→ DIRECTIONS: Please transcribe the data exactly as shown, skipping the images.

→ INFORMATION PROVIDED:
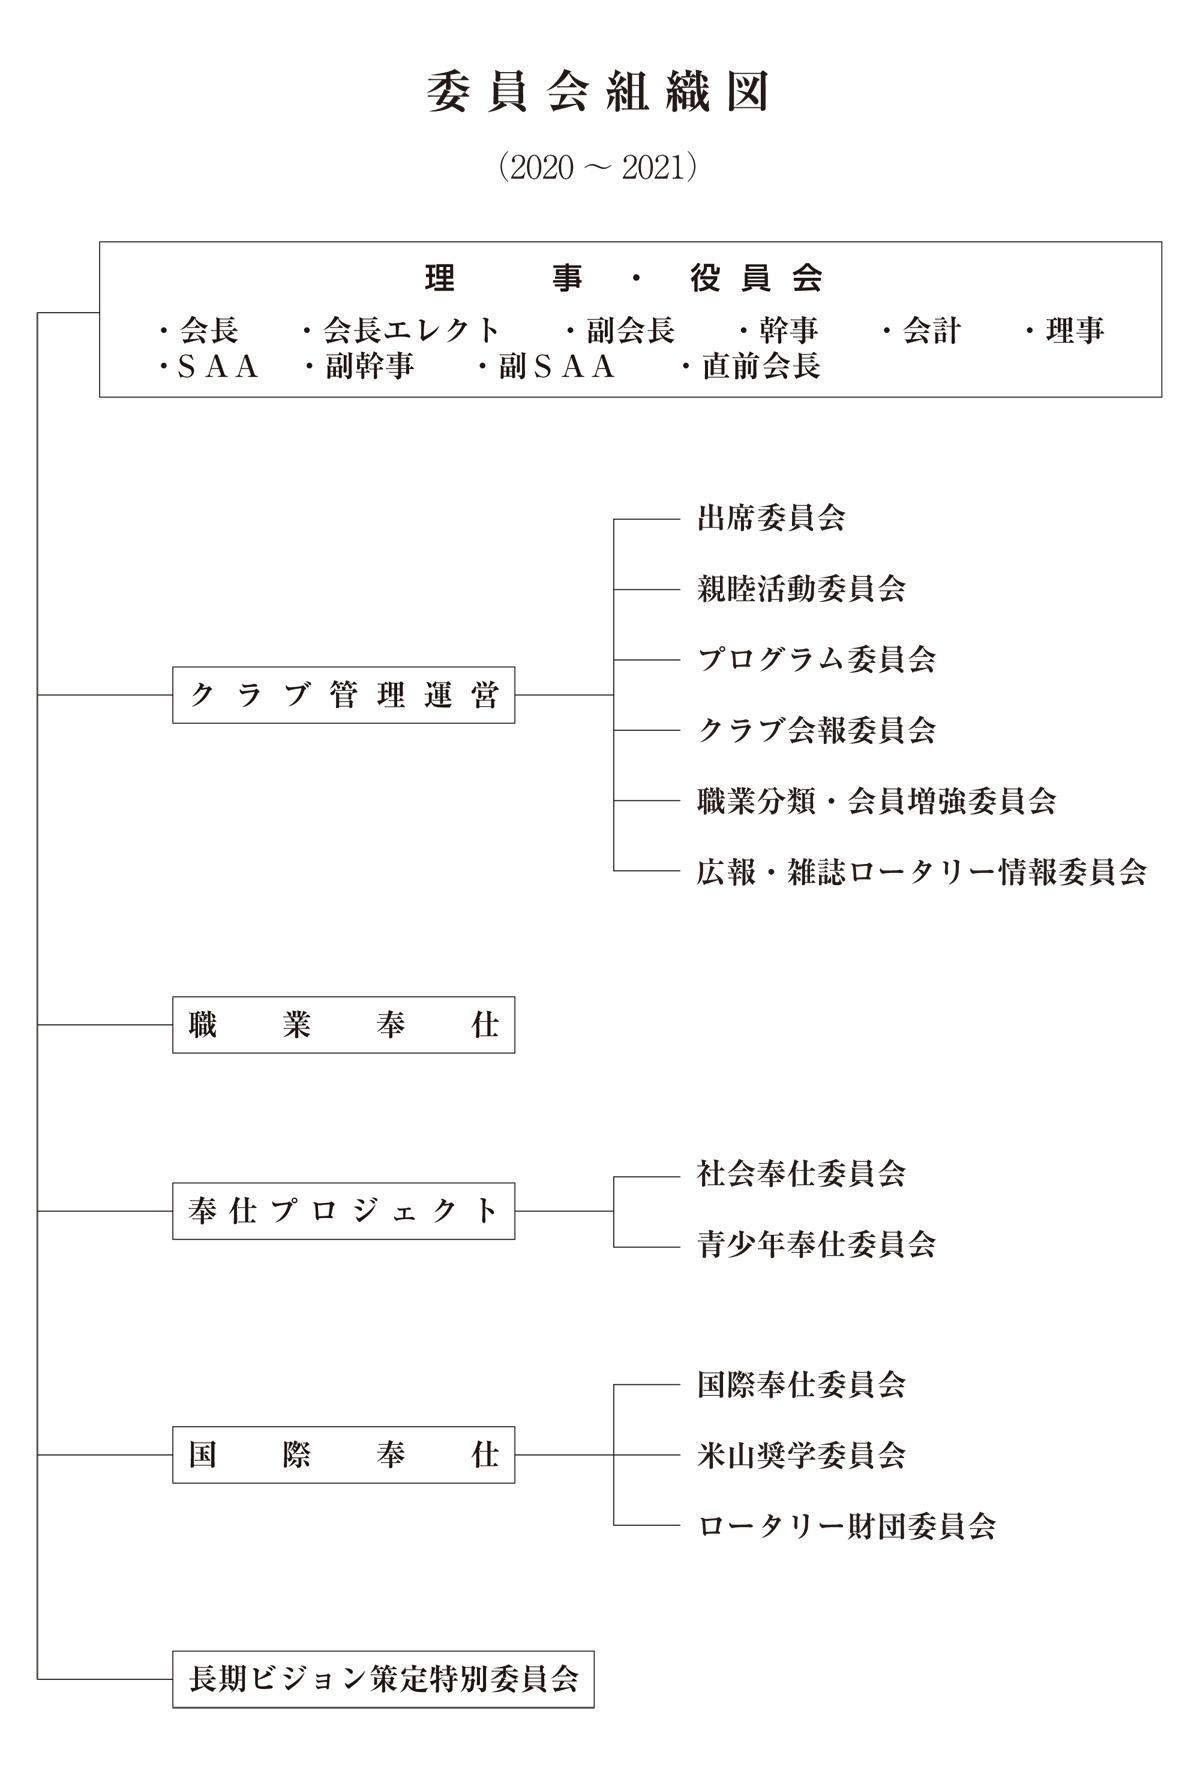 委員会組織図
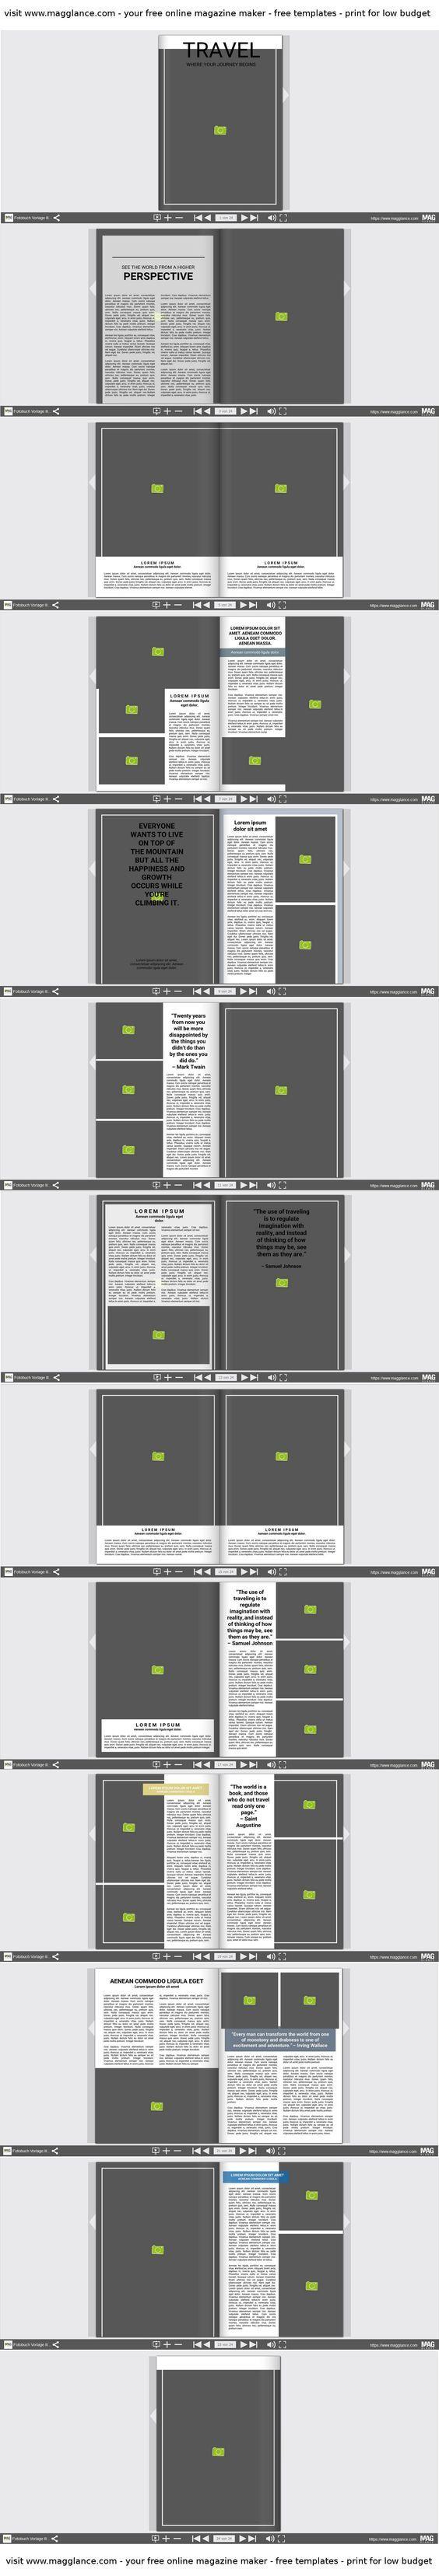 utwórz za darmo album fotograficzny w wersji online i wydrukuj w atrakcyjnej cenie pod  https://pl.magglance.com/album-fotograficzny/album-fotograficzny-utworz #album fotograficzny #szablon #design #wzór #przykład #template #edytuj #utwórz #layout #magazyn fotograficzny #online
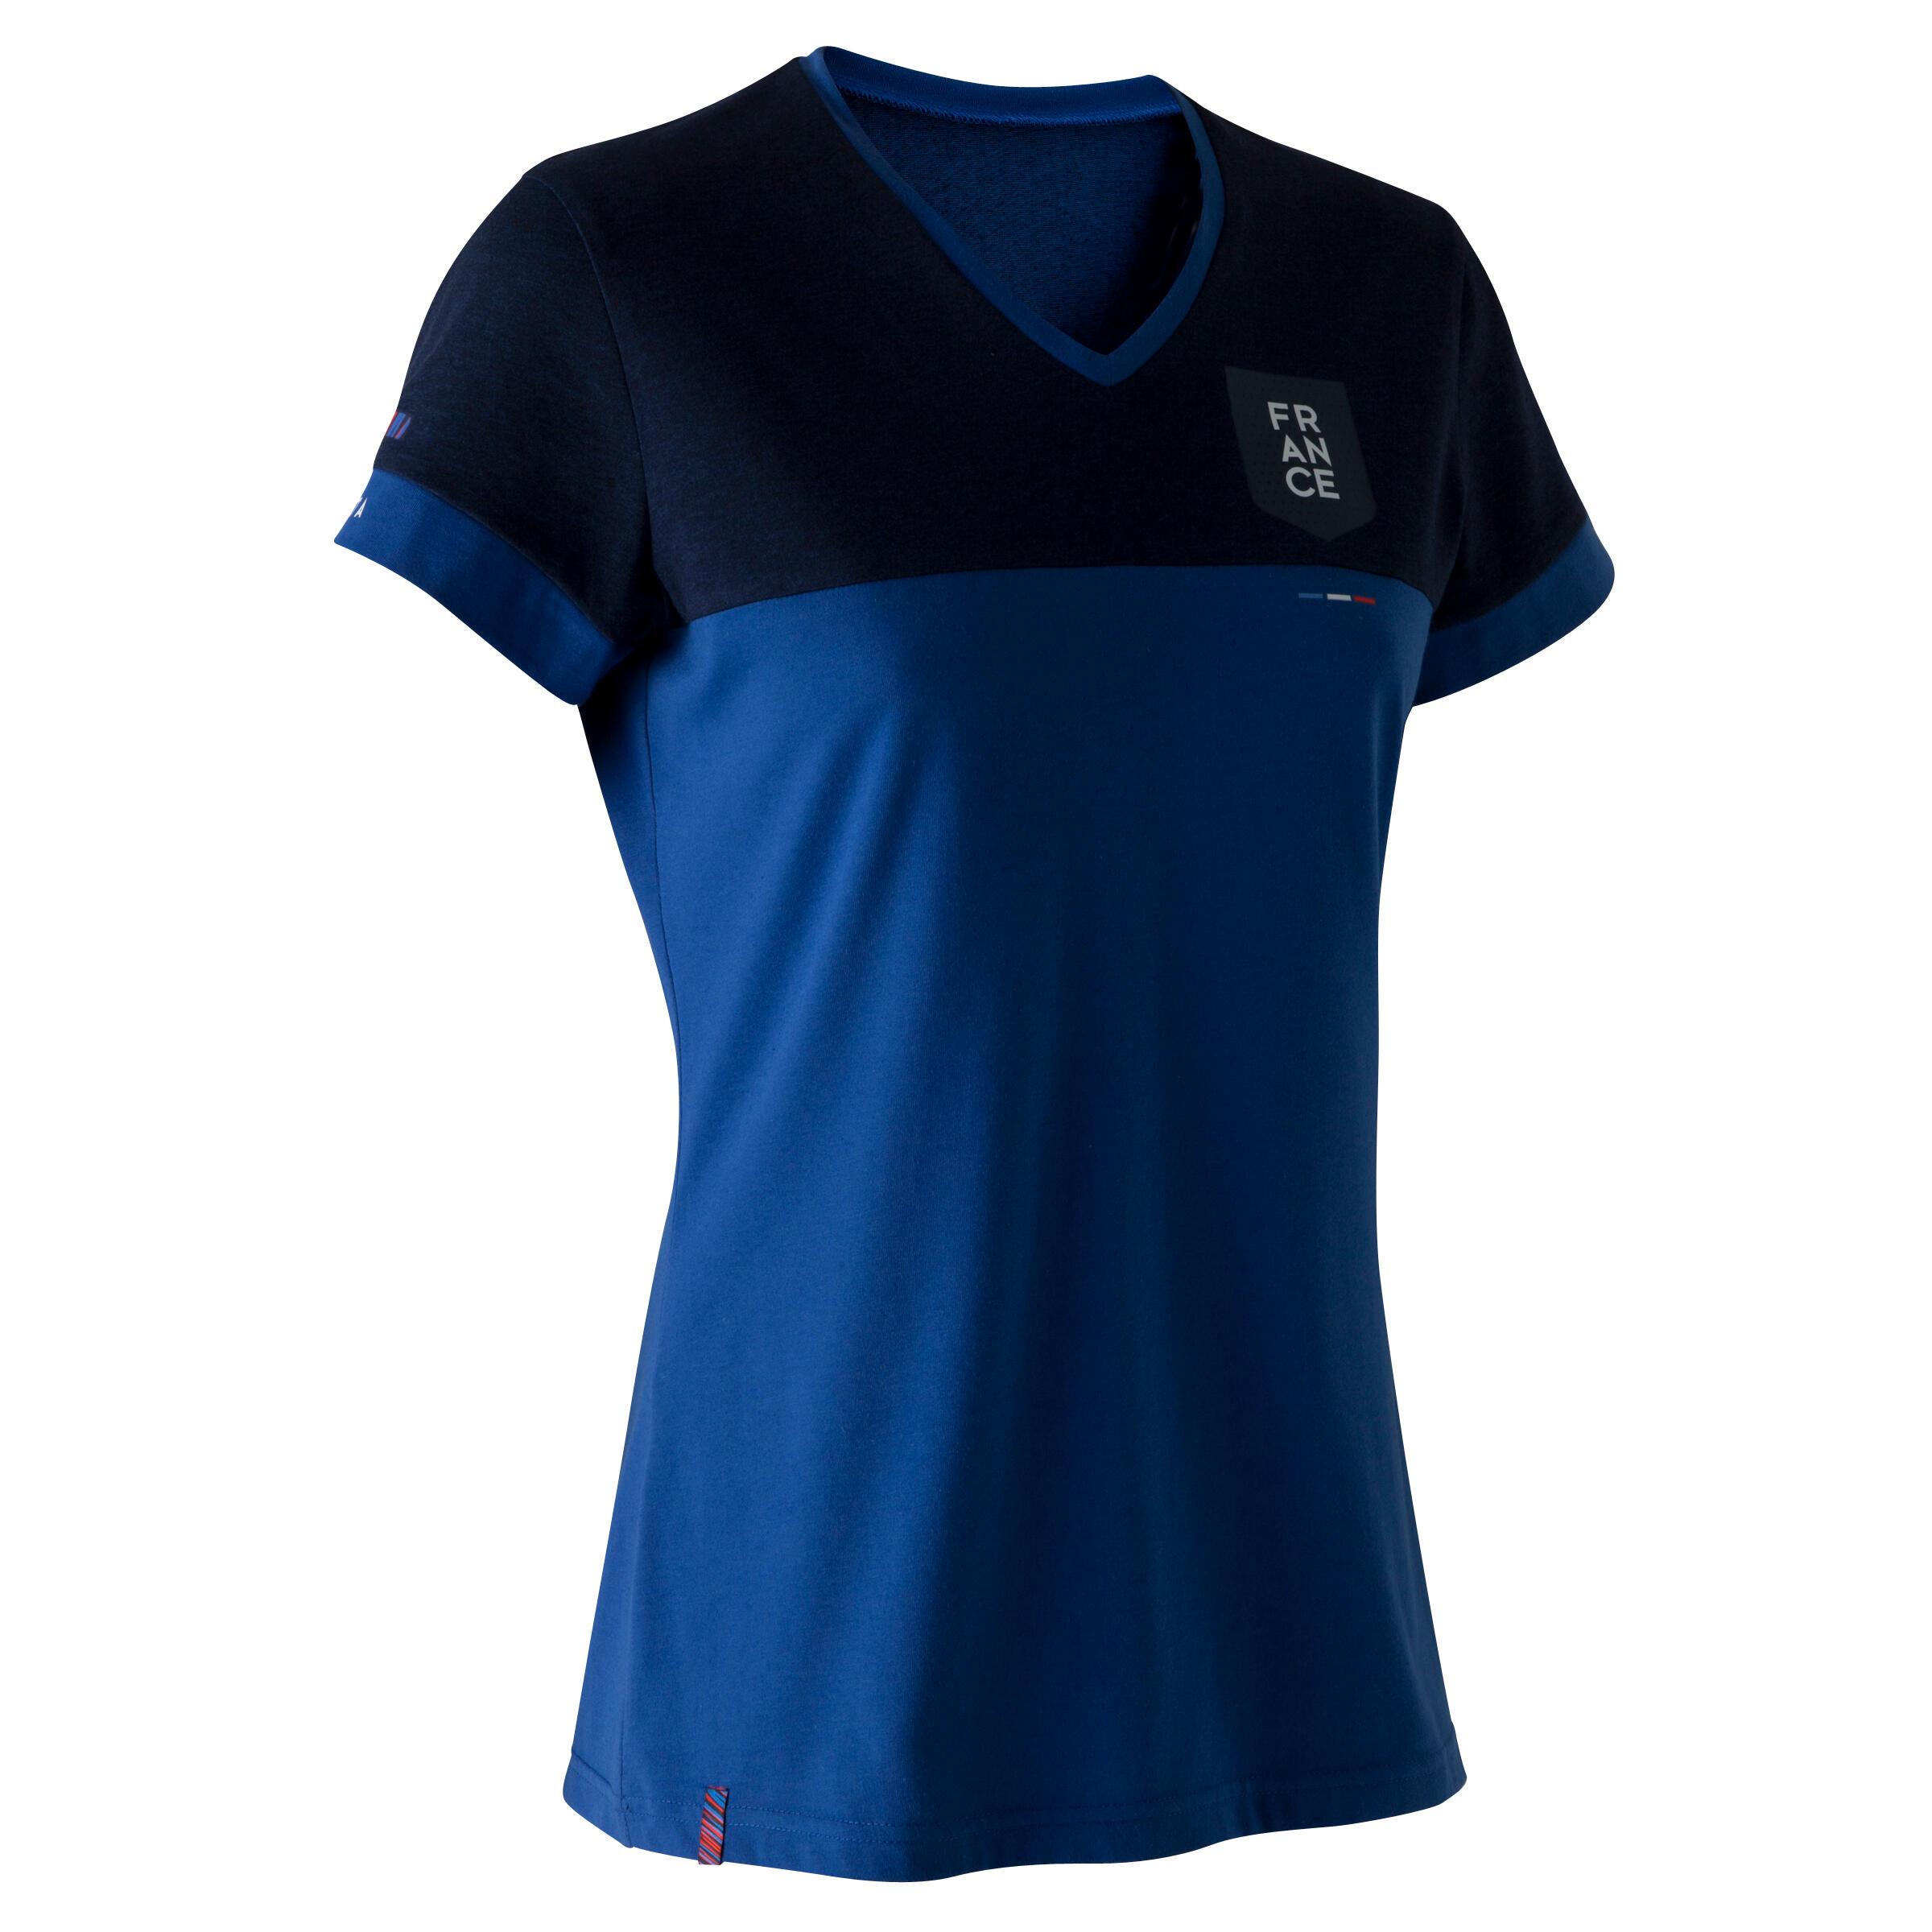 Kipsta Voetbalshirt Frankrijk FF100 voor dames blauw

→ ANSWER FOR THIS EXERCISE:
 委員会組織図
 utwórz za darmo album fotograficzny w wersji online i wydrukuj w atrakcyjnej cenie pod  https://pl.magglance.com/album-fotograficzny/album-fotograficzny-utworz #album fotograficzny #szablon #design #wzór #przykład #template #edytuj #utwórz #layout #magazyn fotograficzny #online
 Kipsta Voetbalshirt Frankrijk FF100 voor dames blauw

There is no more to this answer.